For each dilution step a primary dispersion of 5 mg oil per liter was continuously diluted with seawater using 3 way solenoid valves. Nordtug et al. describe the procedures employed for generation of oil dispersions and dilutions, and the layout of the exposure chamber system. The ex posure containers consisted of 5 L borosilicate glass bot Dorsomorphin tles with bottoms removed and placed upside down in a water bath. Exposure solution and clean seawater was added to the lower part of the ex posure container through Teflon tubing. Water was drained from the surface through a 300 um plankton mesh. The temperature was con trolled by submerging all exposure Inhibitors,Modulators,Libraries chambers into a water bath. The flow through in all exposure units was kept con stant at 17,3 mL SD 1. 3 mL min, corresponding to mean residence time of the water of approximately 4.
5 hours. Dispersions were added by passive flow through thin inlet Teflon tubes and the flow was adjusted by changing the height of the inlet water column. A total number of 300 cod larvae were carefully intro duced into each Inhibitors,Modulators,Libraries exposure chamber. The larvae were fed live rotifiers which were added in batches three times a day together with algae. Four parallel exposure chambers were used in order to achieve biological replicates for every exposure concentra tion. The exposure design used in the experiment is given in Figure 1A. The cod larvae were exposed for 96 hours, counted and sampled. Larvae sampling and RNA extraction At the end of the exposure period, the cod lar vae were immediately rinsed with distilled water and blot ting paper and flash frozen in liquid nitrogen, and stored at ?80 C before RNA isolation.

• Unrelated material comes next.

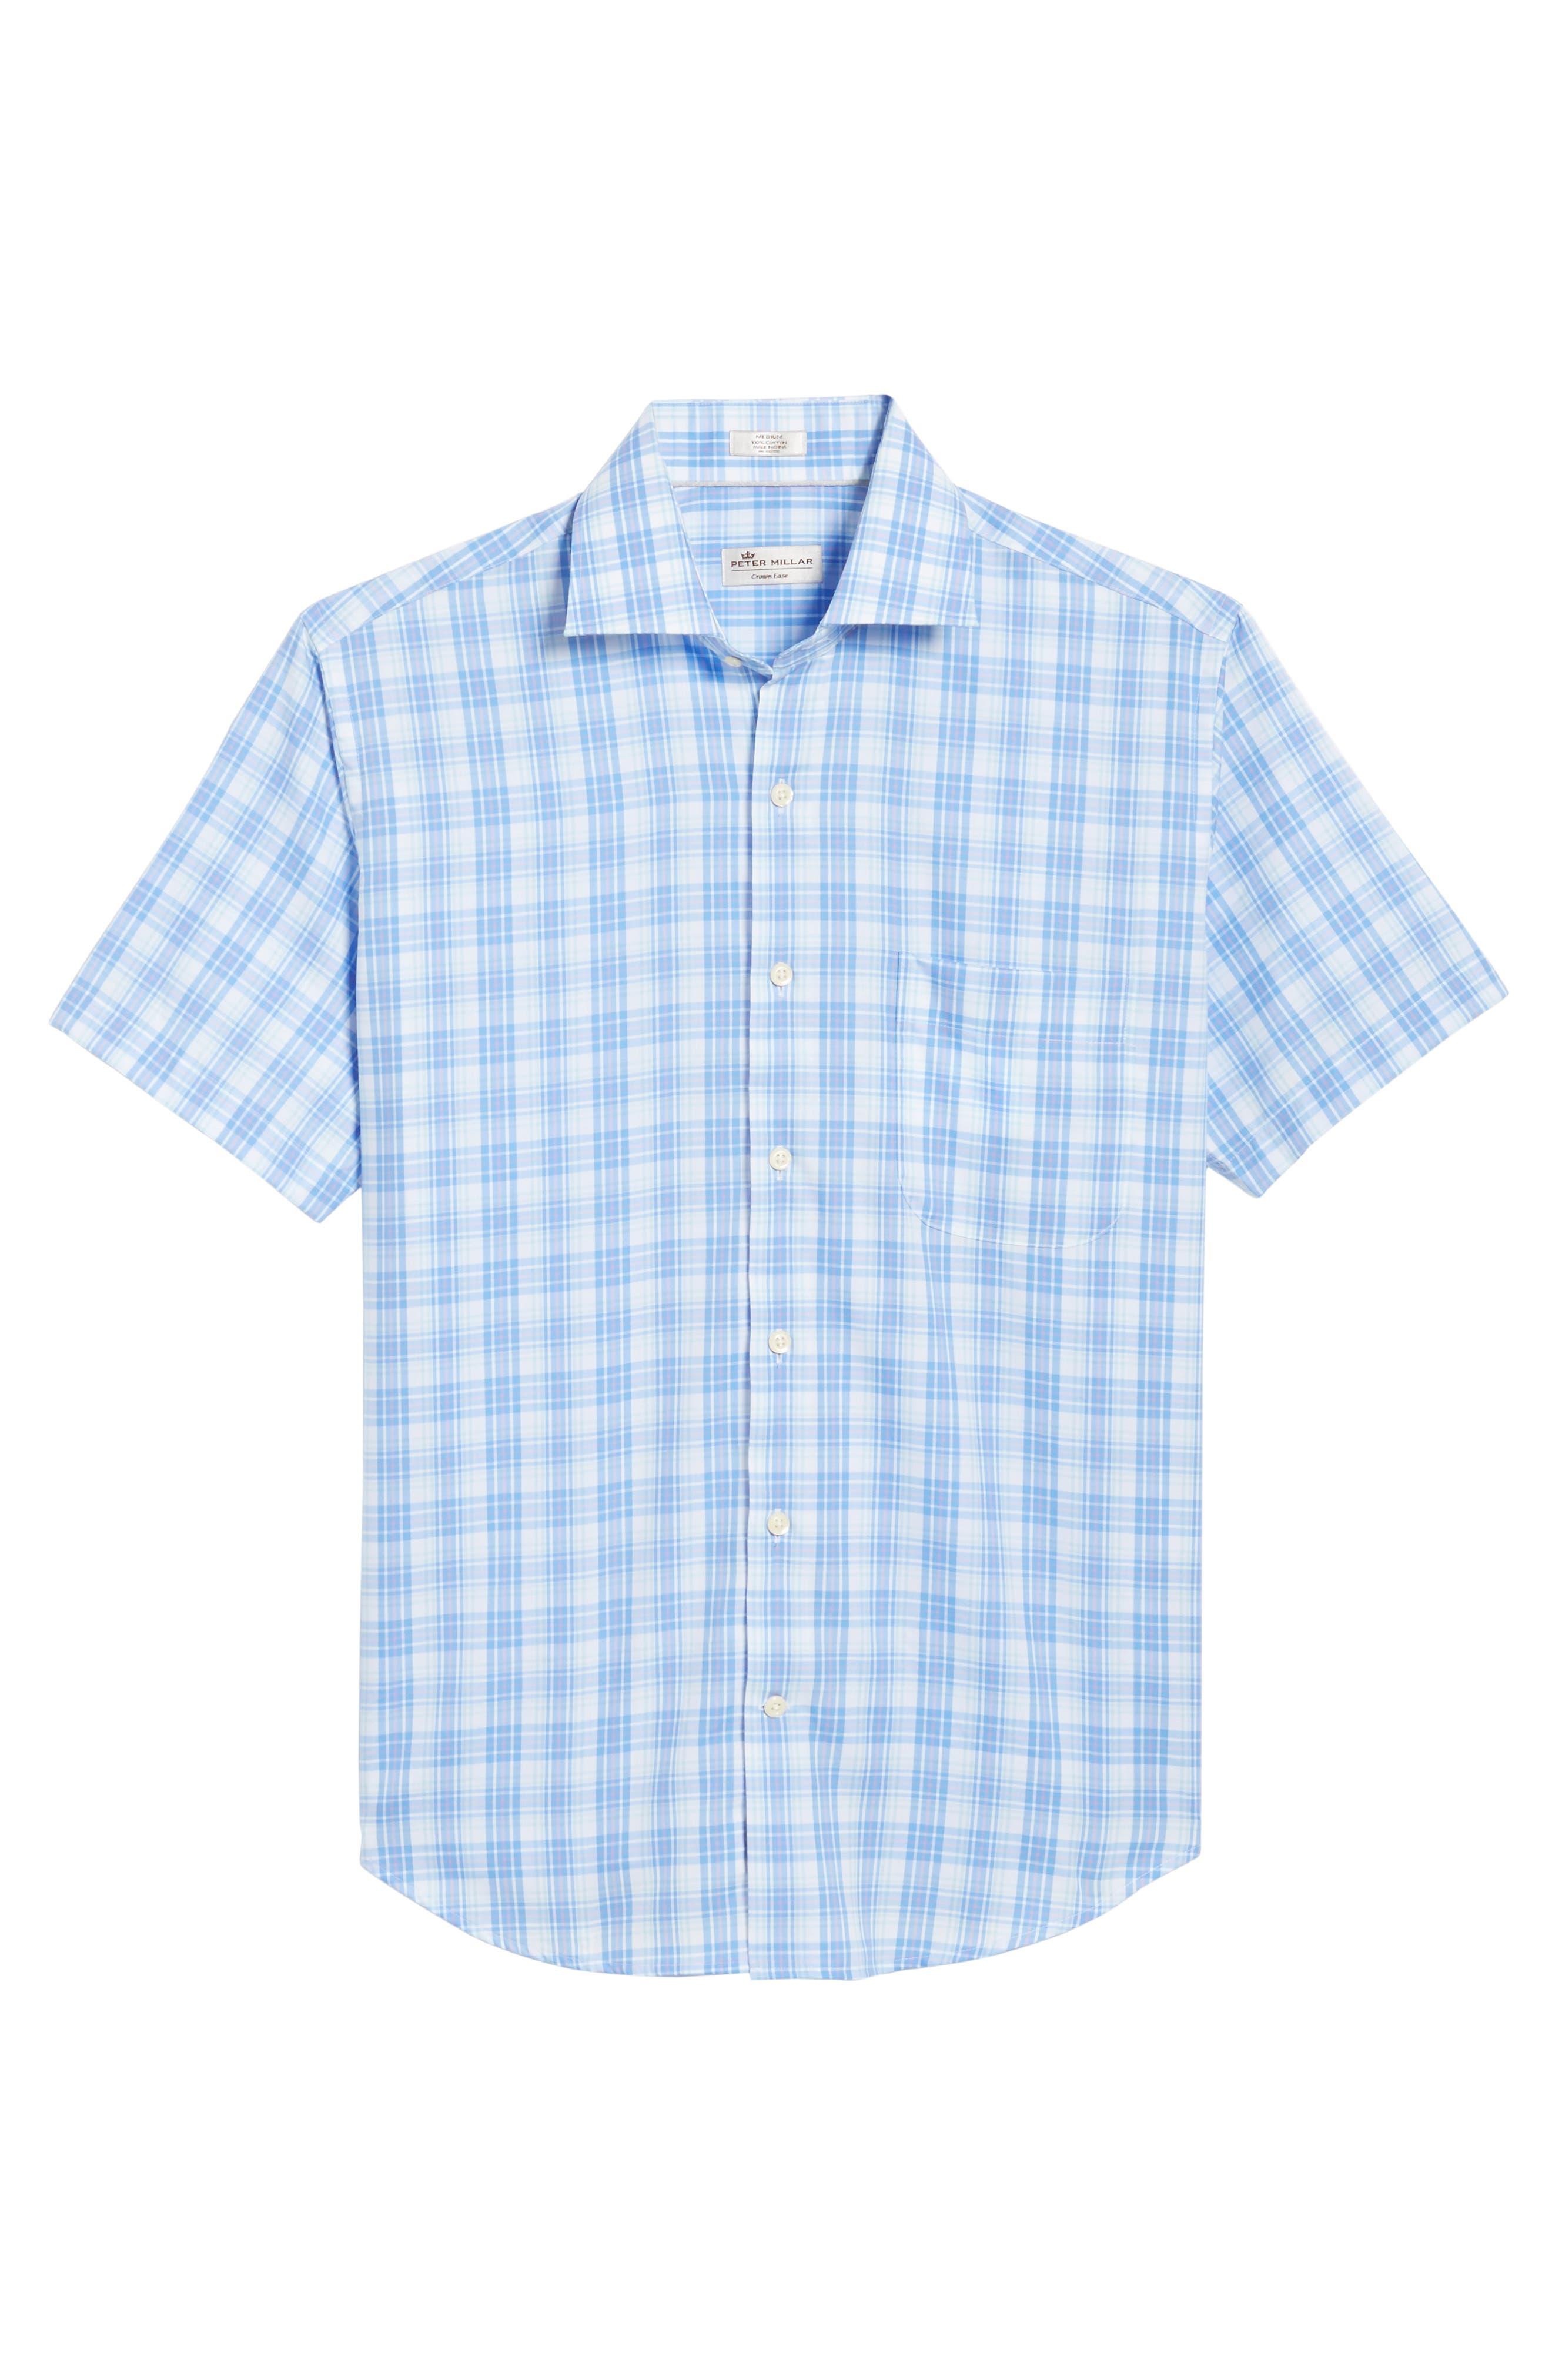 Crown Ease Sloan Regular Fit Plaid Sport Shirt,                             Alternate thumbnail 6, color,                             ATLAS BLUE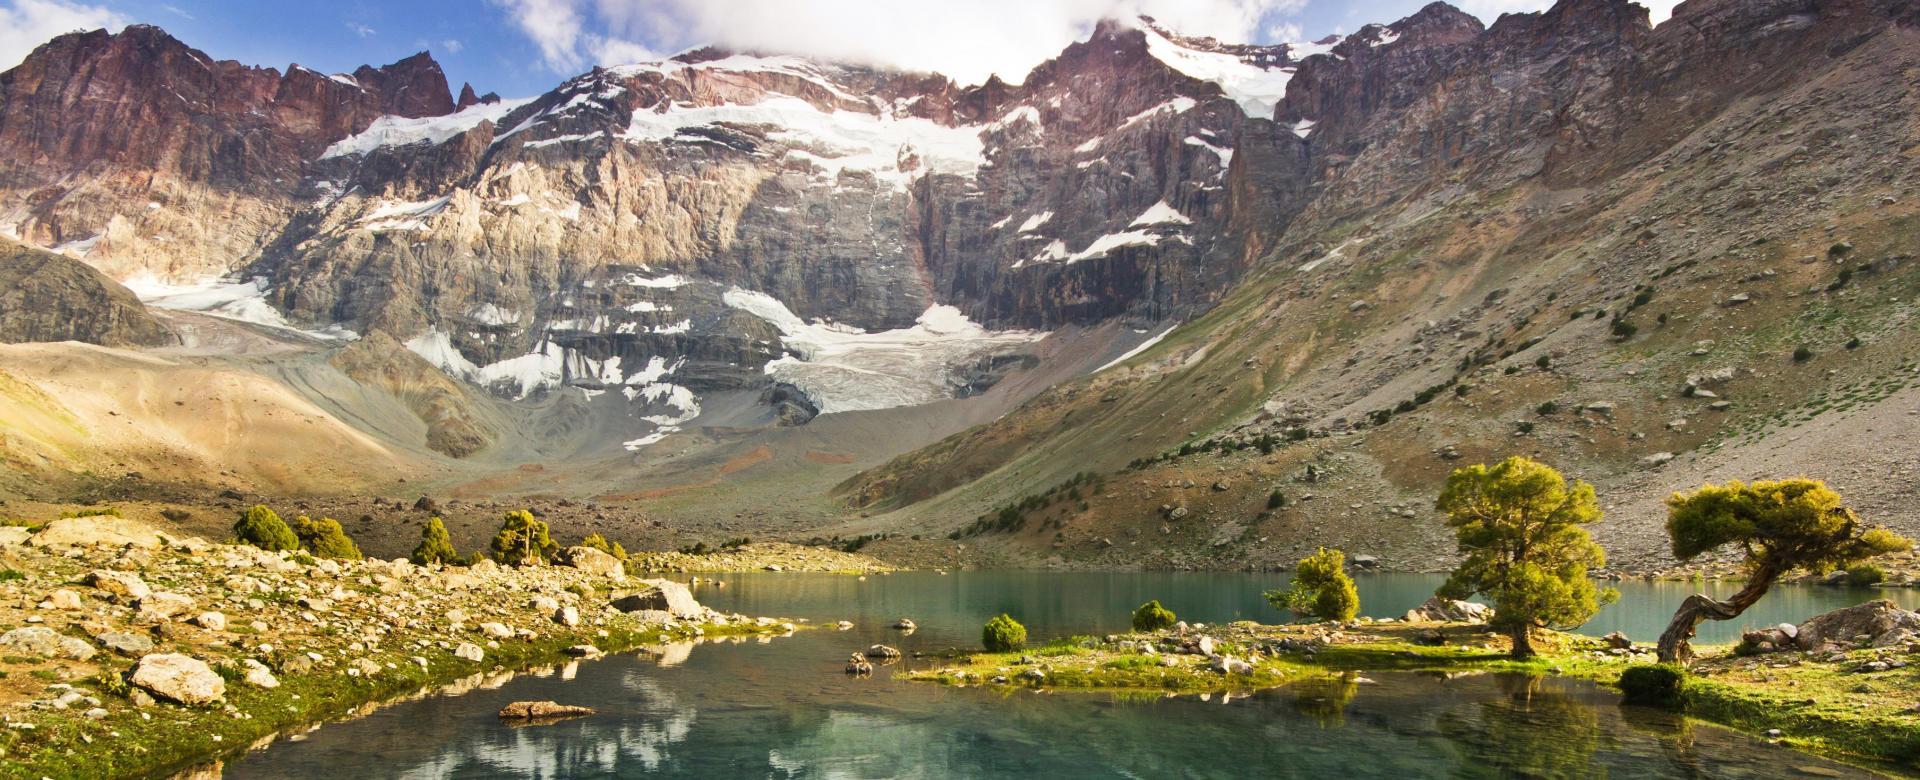 Voyage à pied Tadjikistan : Monts fanskye, boukhara et samarcande

To ensure enough RNA was available for downstream transcriptomic analysis, 15 Inhibitors,Modulators,Libraries larvae were pooled together from each exposure unit. With this design, we had four biological replicates Inhibitors,Modulators,Libraries for each treatment, consisting of a total of 60 larvae. Due to an extensive sampling program and high lethality the available live larvae from one of the exposure units of the MDH Inhibitors,Modulators,Libraries and MDM groups was too few to be analyzed, leav ing only 3 parallels for these groups. In total, RNA for transcriptomic analyses was isolated from 26 samples. The larvae were thoroughly homogenized before RNA extraction using zirconium beads in a Precellys 24 homogenizer by ceramic beads CK28. Total RNA from Atlantic cod larvae was extracted using phenol chloroform extraction and Qiazol with a modified isopropanol precipitation step previously described elsewhere. The samples were sub sequently treated with DNA free, according to the manufacturers instructions ARQ197 NSCLC and eluted in 50 uL RNase free MilliQ H2O. The RNA was then stored at ?80 C be fore further processing.